METASYMBO: Multi-Agent Language-Guided Metamaterial Discovery via Symbolic Latent Evolution
Metamaterial discovery seeks microstructured materials whose geometry induces targeted mechanical behavior. Existing inverse-design methods can efficiently generate candidates, but they typically require explicit numerical property targets and are less suitable for early-stage exploration, where researchers often begin with incomplete constraints and qualitative intents expressed in natural language. Large language models can interpret such intents, but they lack geometric awareness and physical property validity. To address this gap, we propose MetaSymbO, a multi-agent framework for language-guided Metamaterial discovery via Symbolic-driven latent evOlution. Specifically, MetaSymbO contains three agents: a Designer that interprets free-form design intents and retrieves a semantically consistent scaffold, a Generator that synthesizes candidate microstructures in a disentangled latent space, and a Supervisor that provides fast property-aware feedback for iterative refinement. To move beyond the limitations of reproducing known samples from literature and training data, we further introduce symbolic-driven latent evolution, which applies programmable operators over disentangled latent factors to compose, modify, and refine structures at inference time.
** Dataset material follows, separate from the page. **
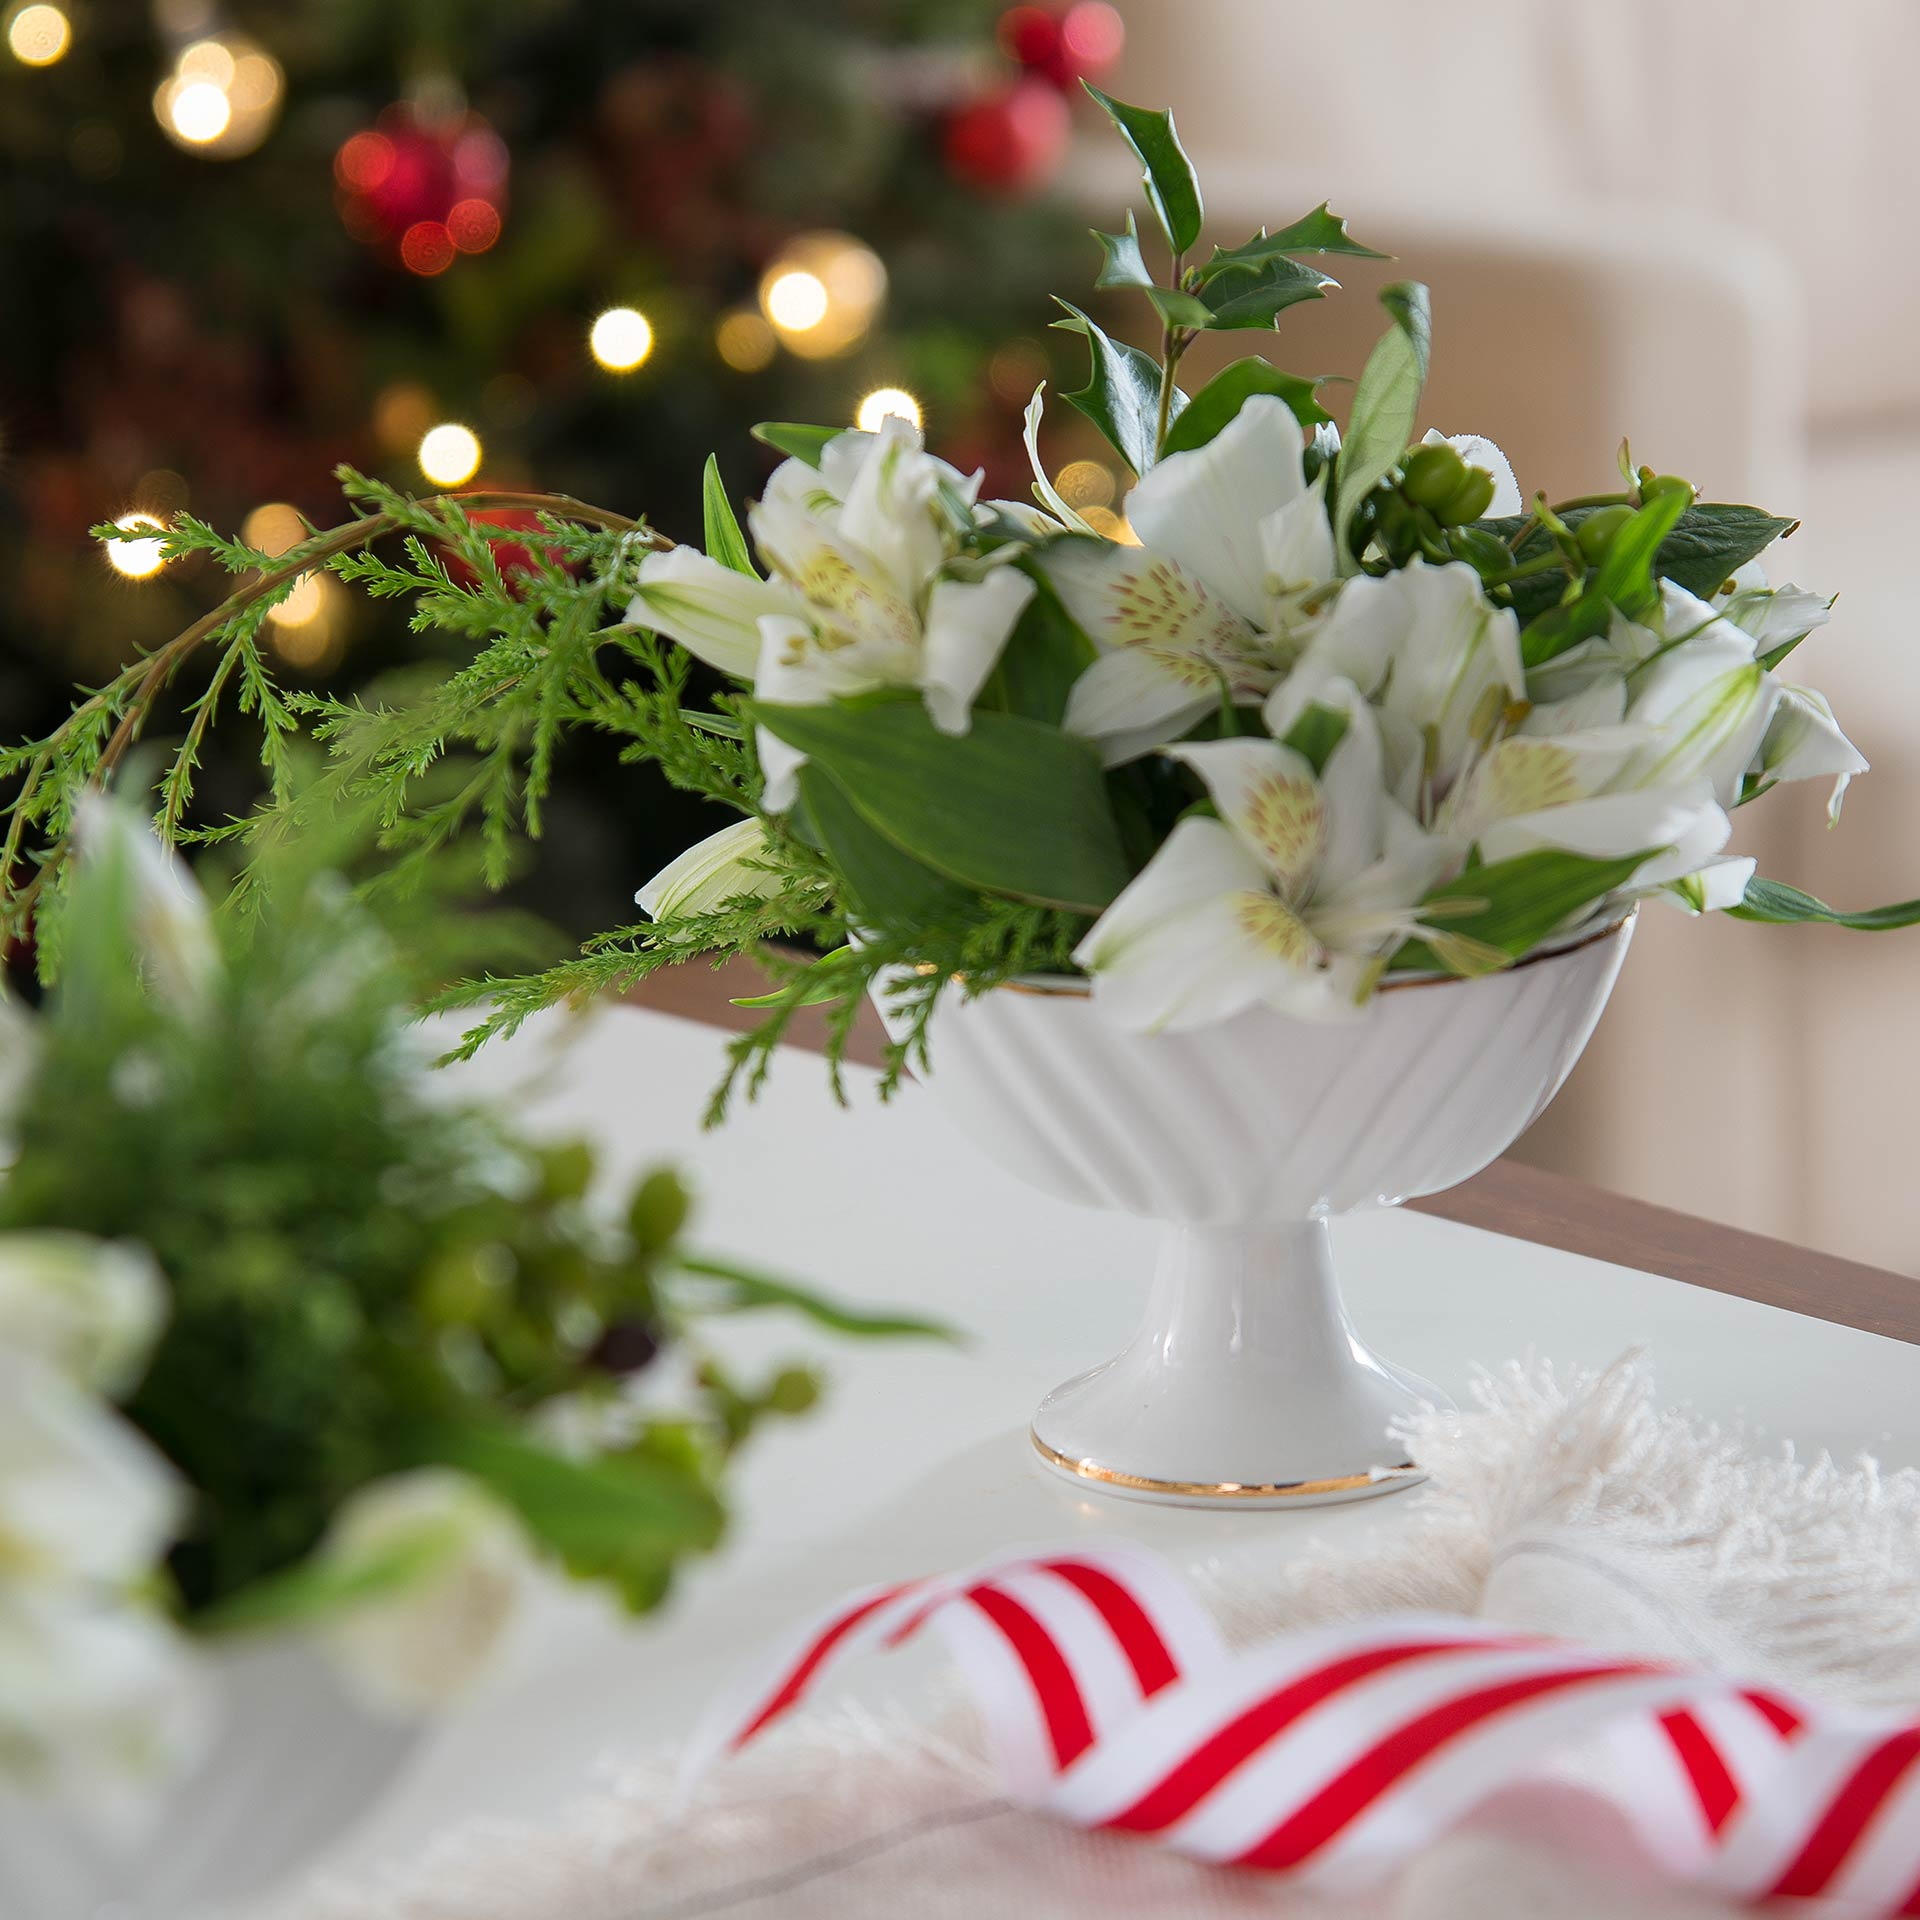 Imagem: Lindo e delicado arranjo de Natal feito pela Claudia Pixu numa taça de sobremesa de porcelana. Foto: Cacá Bratke.

Extensive experiments demonstrate that (i) MetaSymbO improves structural validity by up to 34% in symmetry and nearly 98% in periodicity compared to state-of-the-art baselines; (ii) MetaSymbO achieves about 6-7% higher language-guidance scores while maintaining superior structure novelty compared to advanced reasoning LLMs; (iii) qualitative analyses confirm the effectiveness of symbolic logic operators in enabling programmable semantic alignment; and (iv) realworld case studies on auxetic, high-stiffness metamaterial design further validate its practical capability.